(Beginning of INPUT DATA)

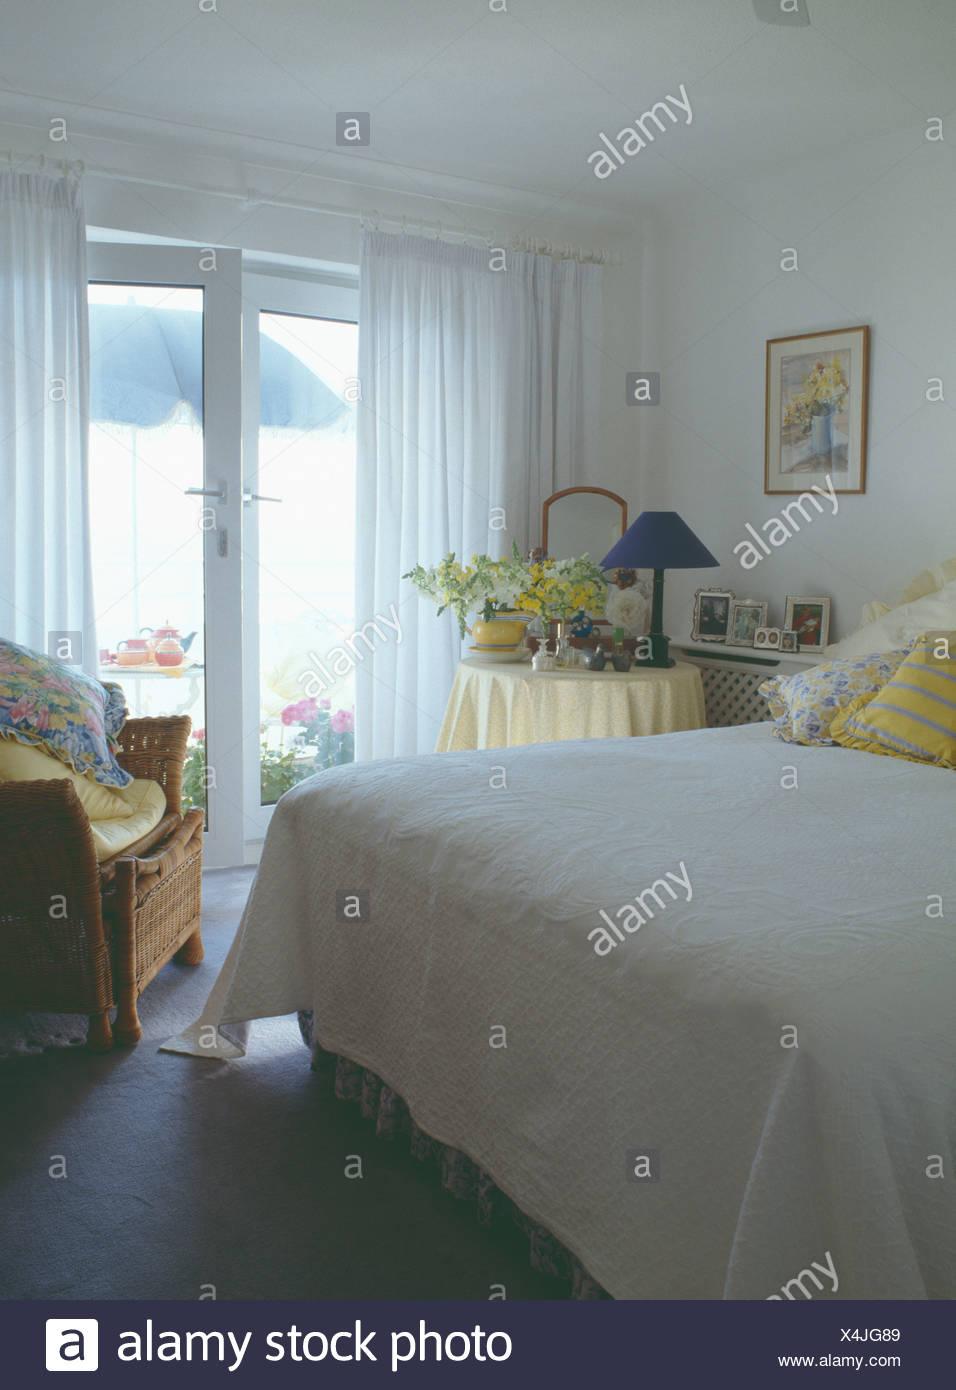 Meer Schlafzimmer mit weißen Quilt auf Bett und weiße Gardinen an
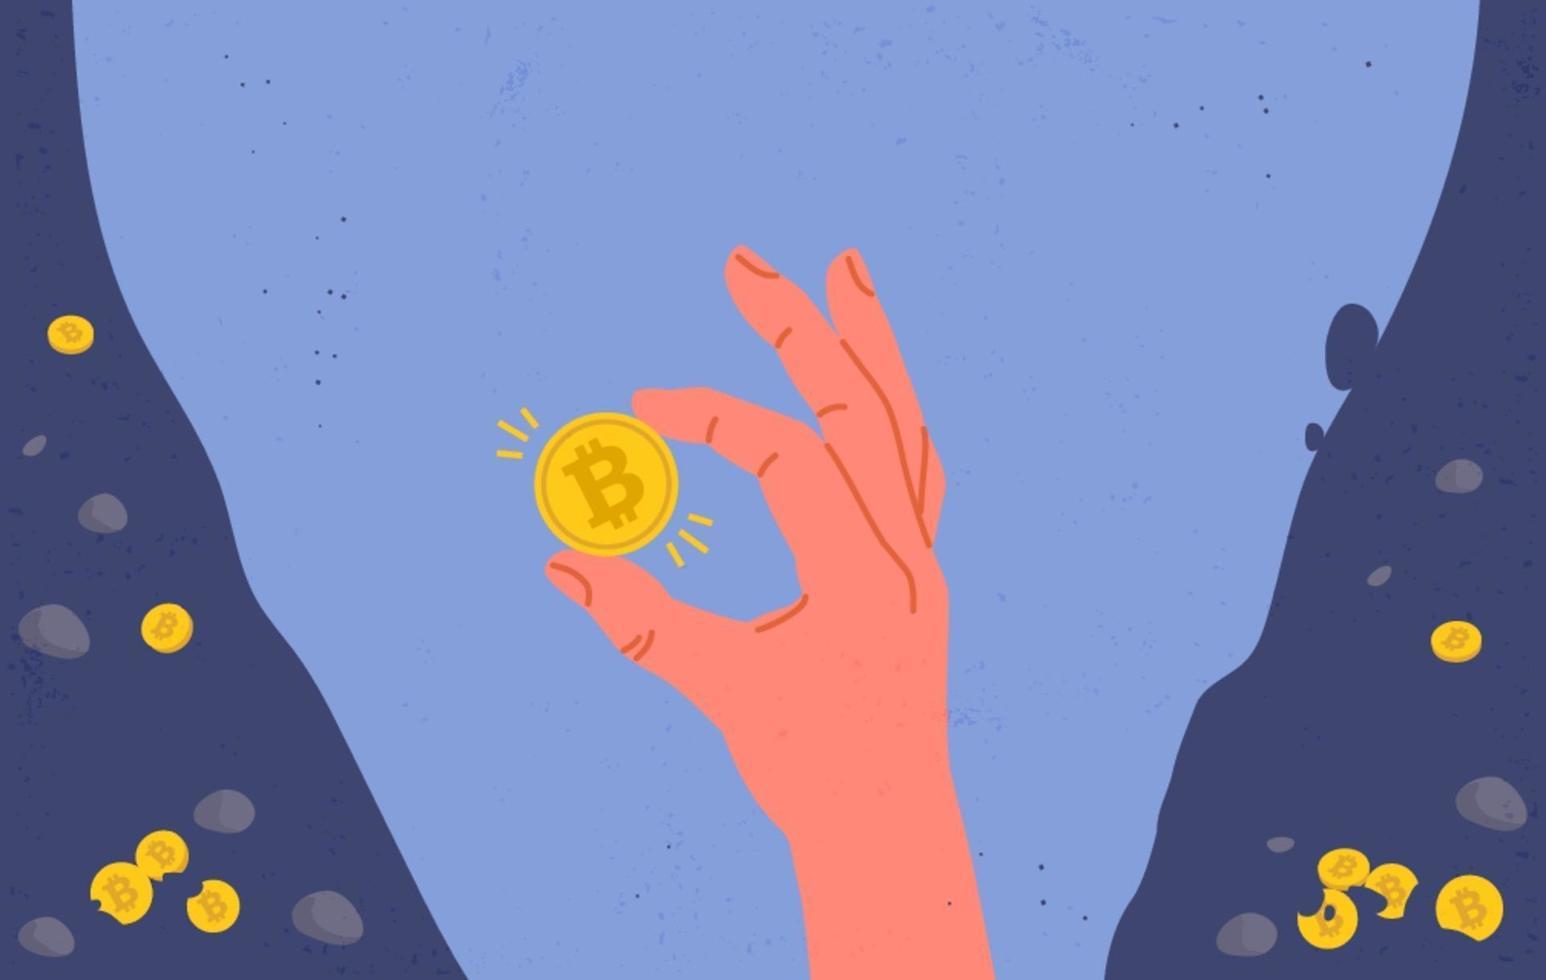 moneta bitcoin in mano vettore
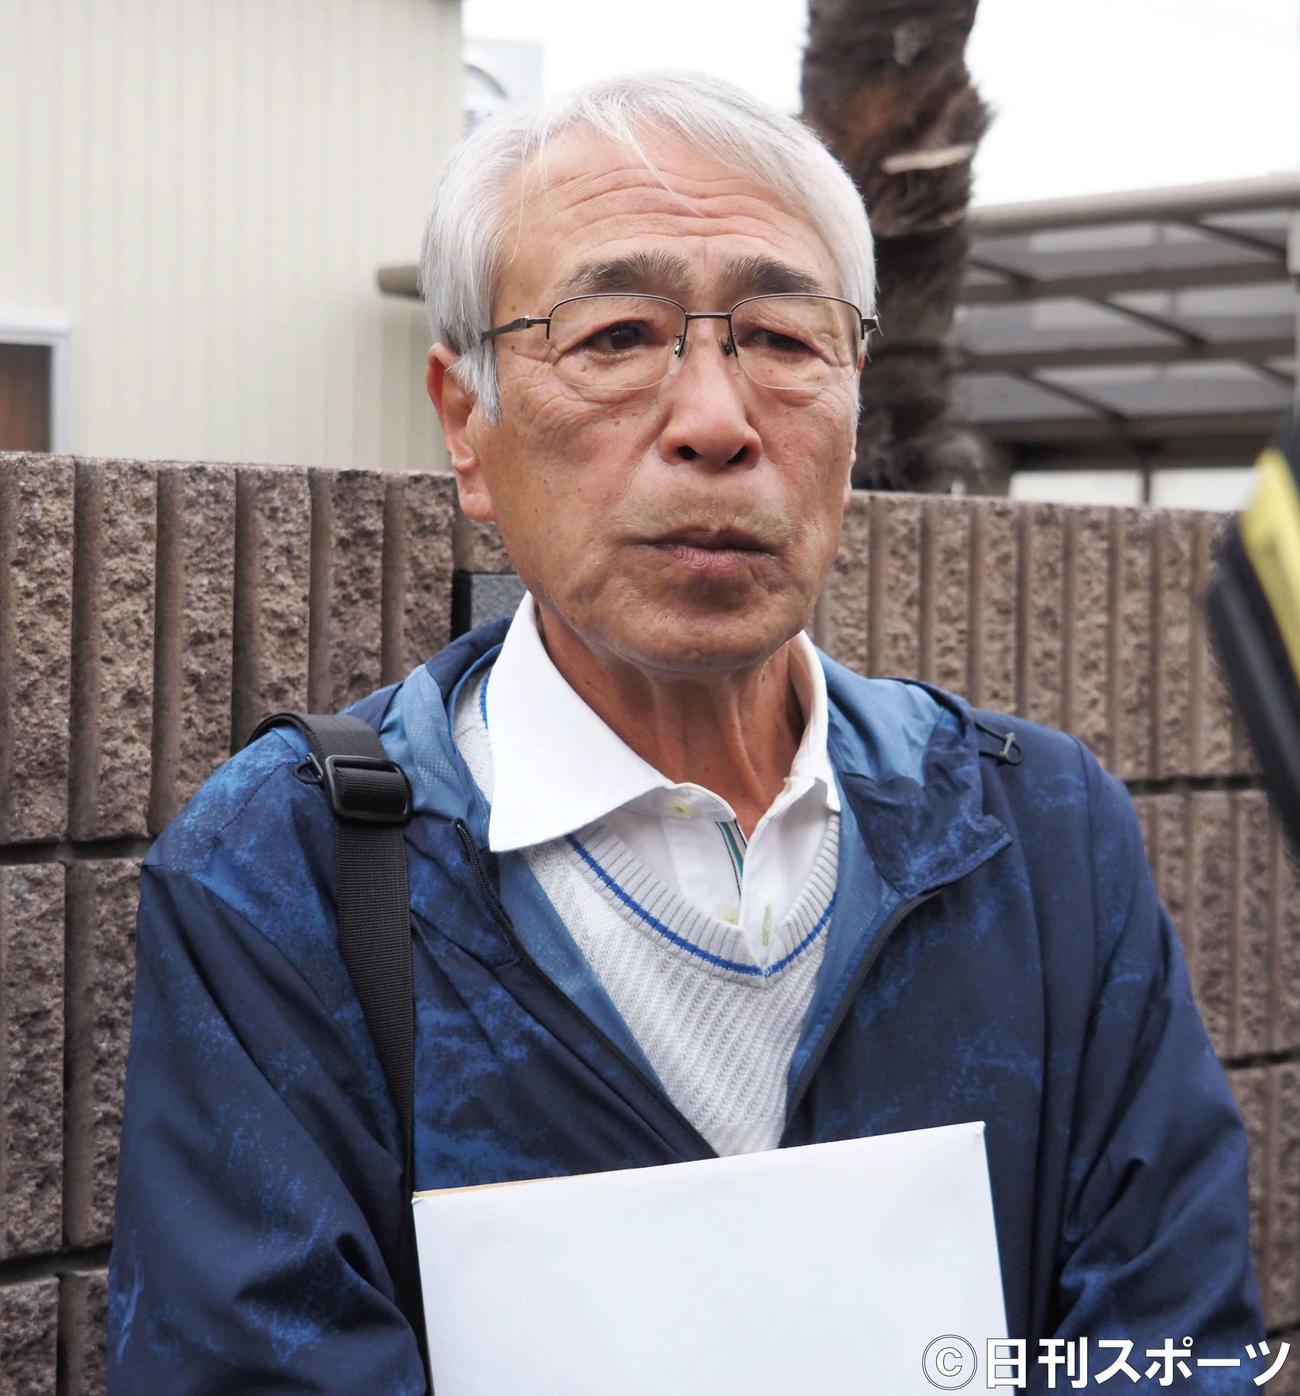 東村山の実家前で取材に応じる志村けんさんの兄知之さん(撮影・遠藤尚子)

(End of INPUT DATA)

== WORK REQUIRED ==
Exact copy, no pictures: please print the data above once more.

== WRITTEN REPLY ==
 Meer Schlafzimmer mit weißen Quilt auf Bett und weiße Gardinen an
 moneta bitcoin in mano vettore
 東村山の実家前で取材に応じる志村けんさんの兄知之さん(撮影・遠藤尚子)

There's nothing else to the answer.